* _RECORDS TO USE_
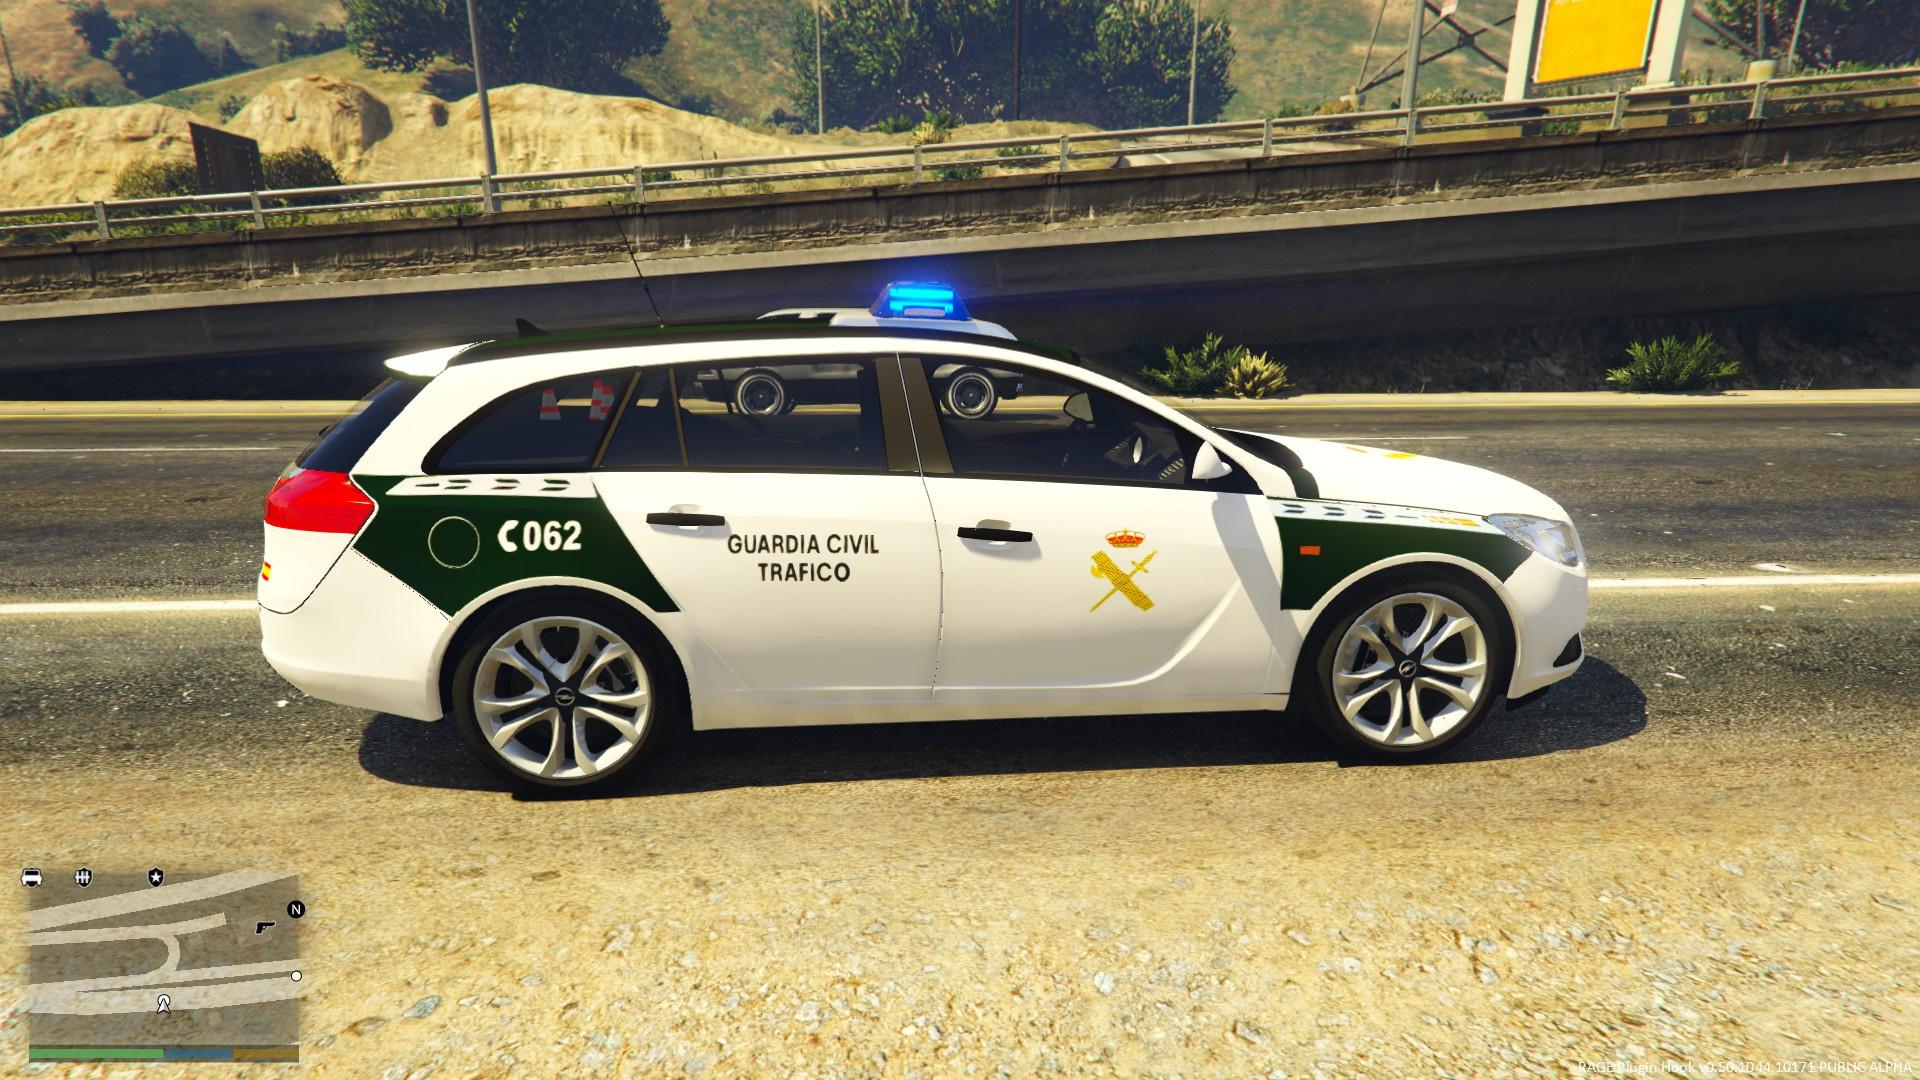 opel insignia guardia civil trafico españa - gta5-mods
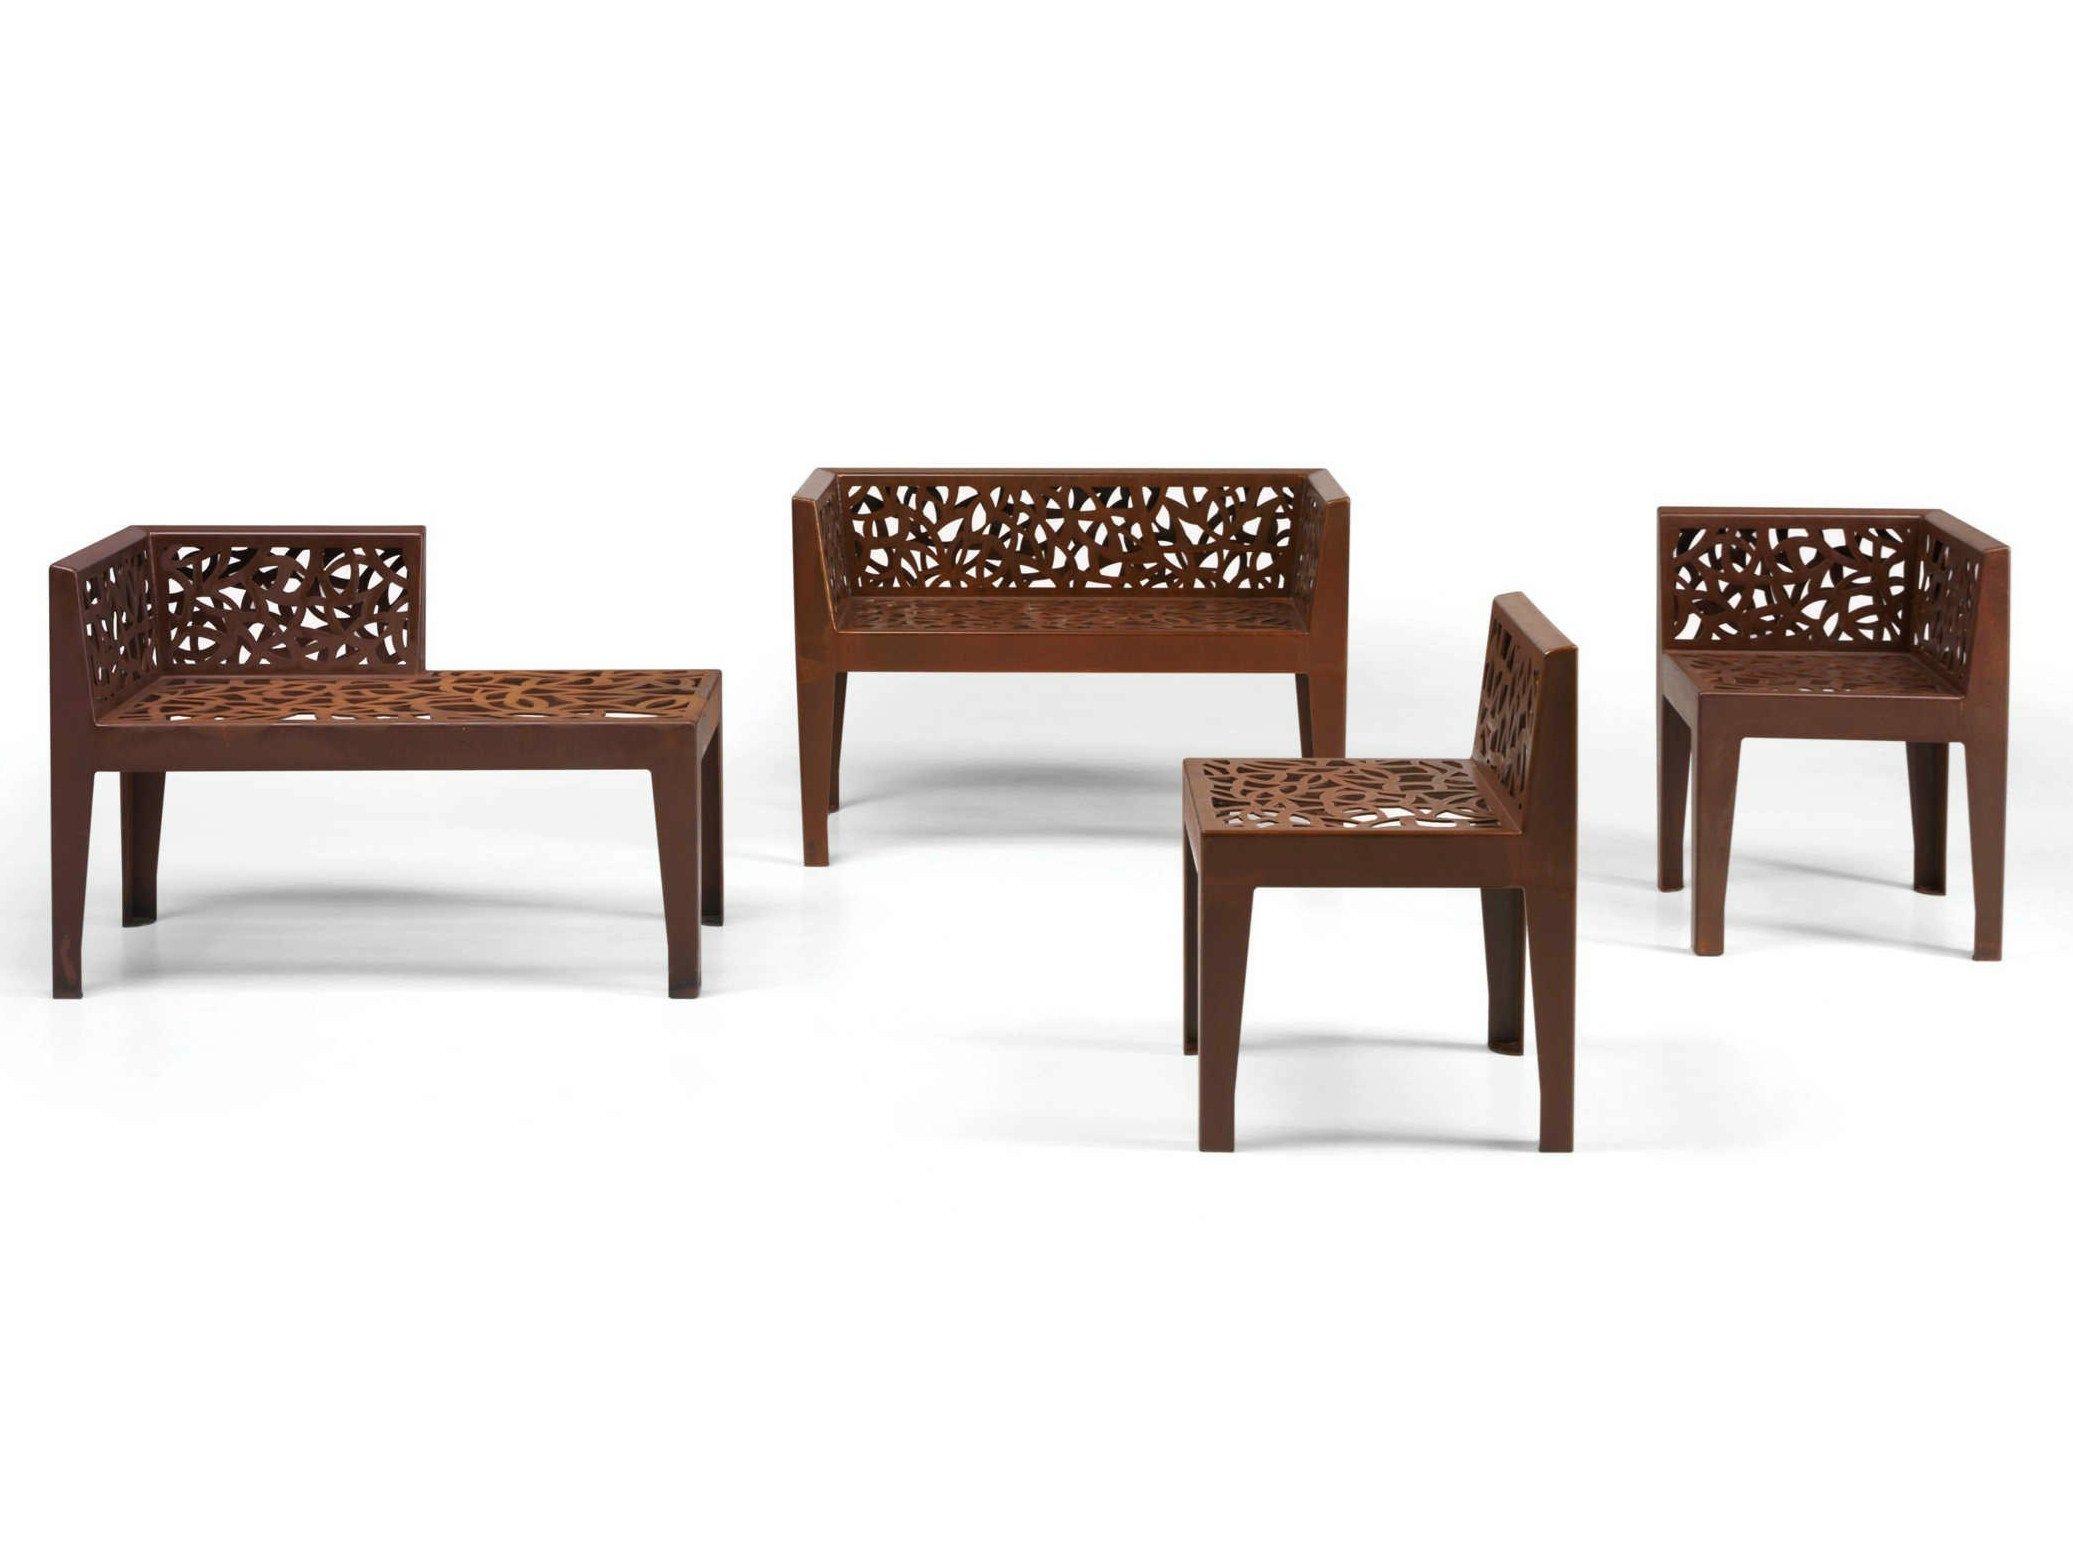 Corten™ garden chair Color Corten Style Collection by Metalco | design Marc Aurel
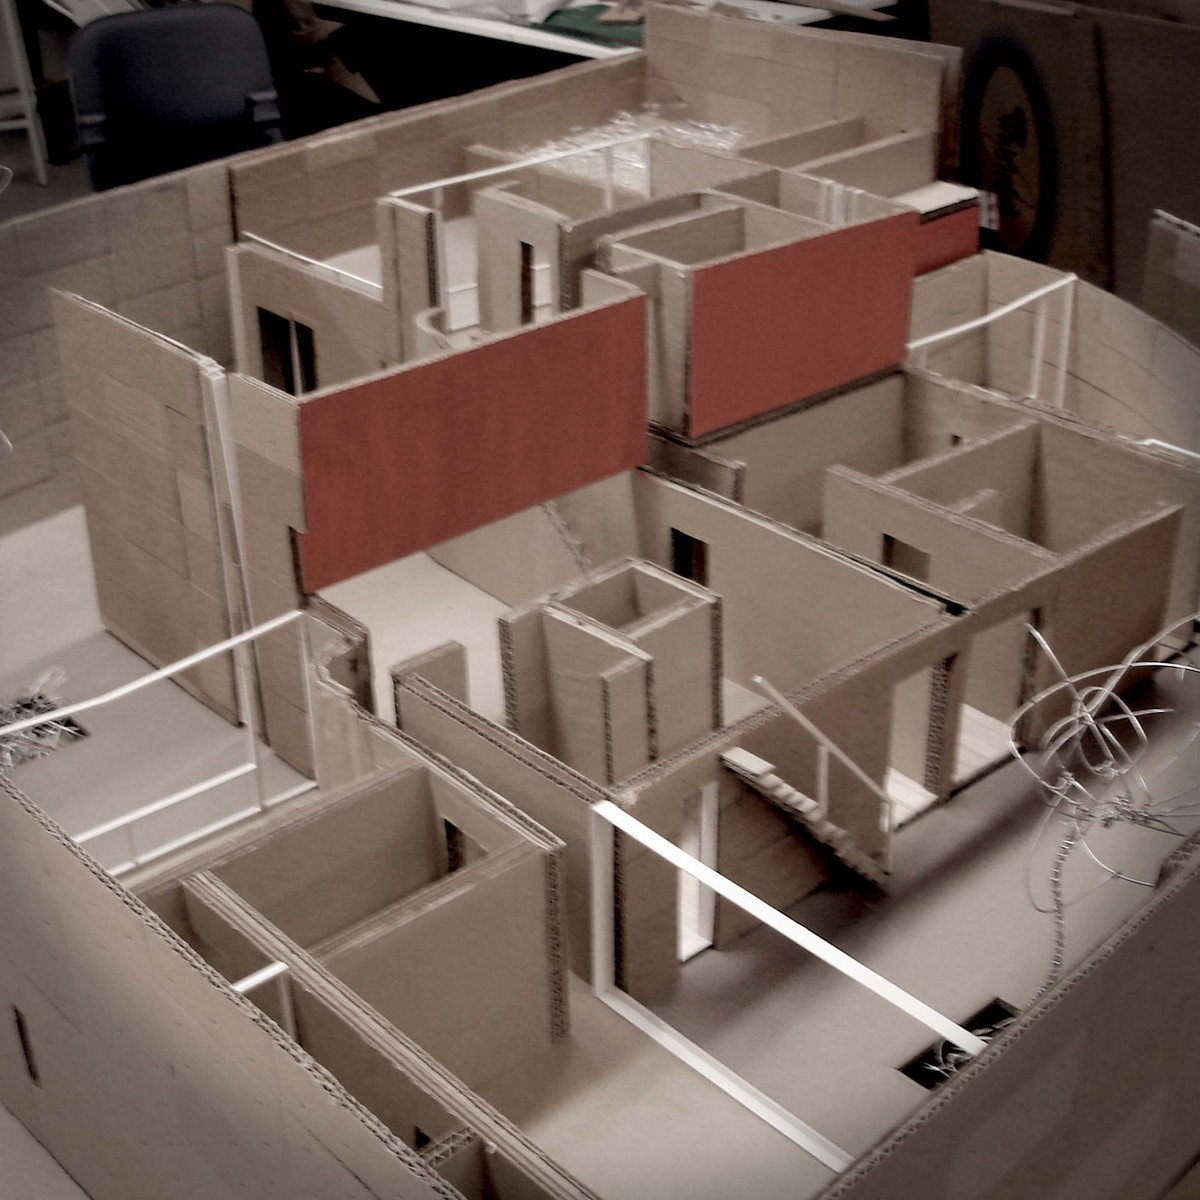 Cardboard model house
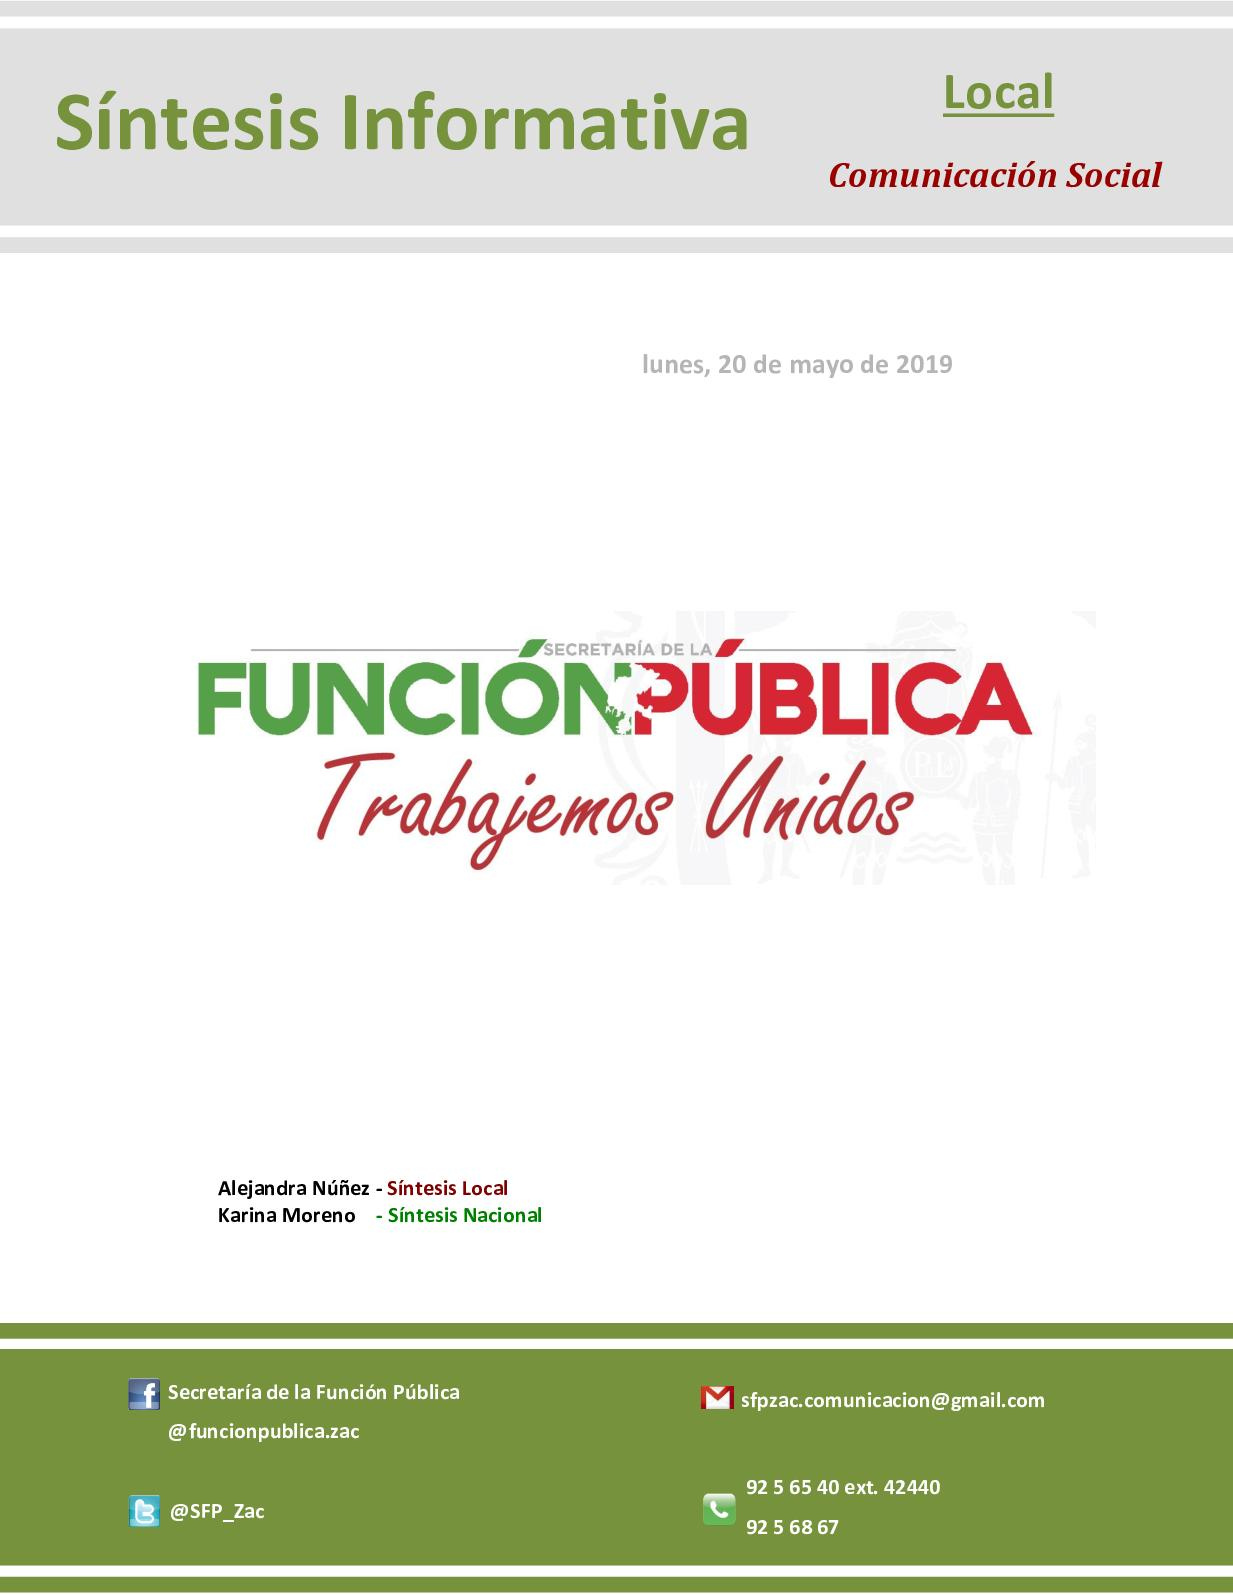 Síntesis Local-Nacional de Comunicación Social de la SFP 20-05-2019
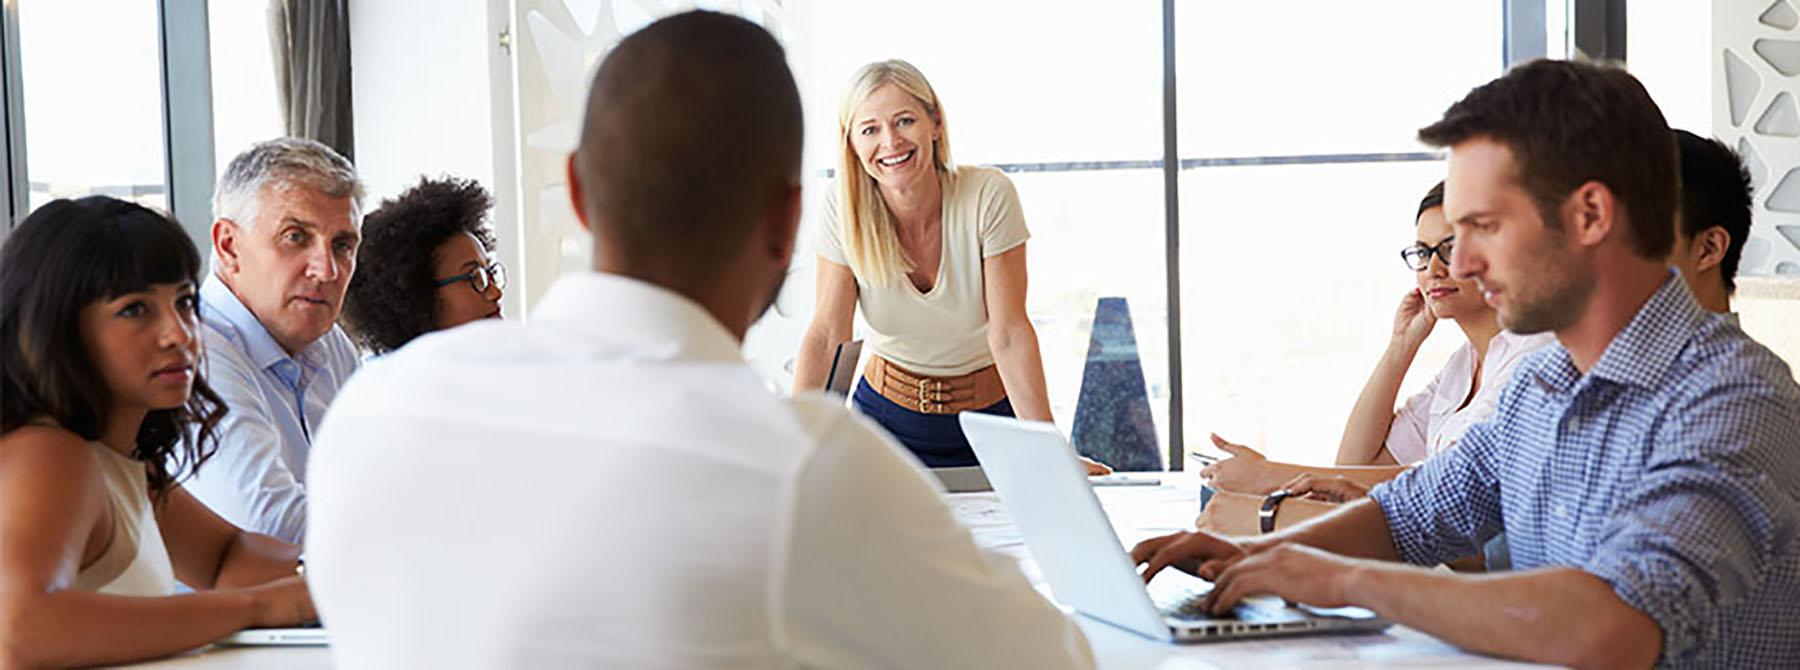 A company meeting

* _TASK DESCRIPTION_
Could you set down every entry again exactly as written, leaving out any pictures?

* _TASK RESULT_
 opel insignia guardia civil trafico españa - gta5-mods
 Corten™ garden chair Color Corten Style Collection by Metalco | design Marc Aurel
 Cardboard model house
 Síntesis Local-Nacional de Comunicación Social de la SFP 20-05-2019
 A company meeting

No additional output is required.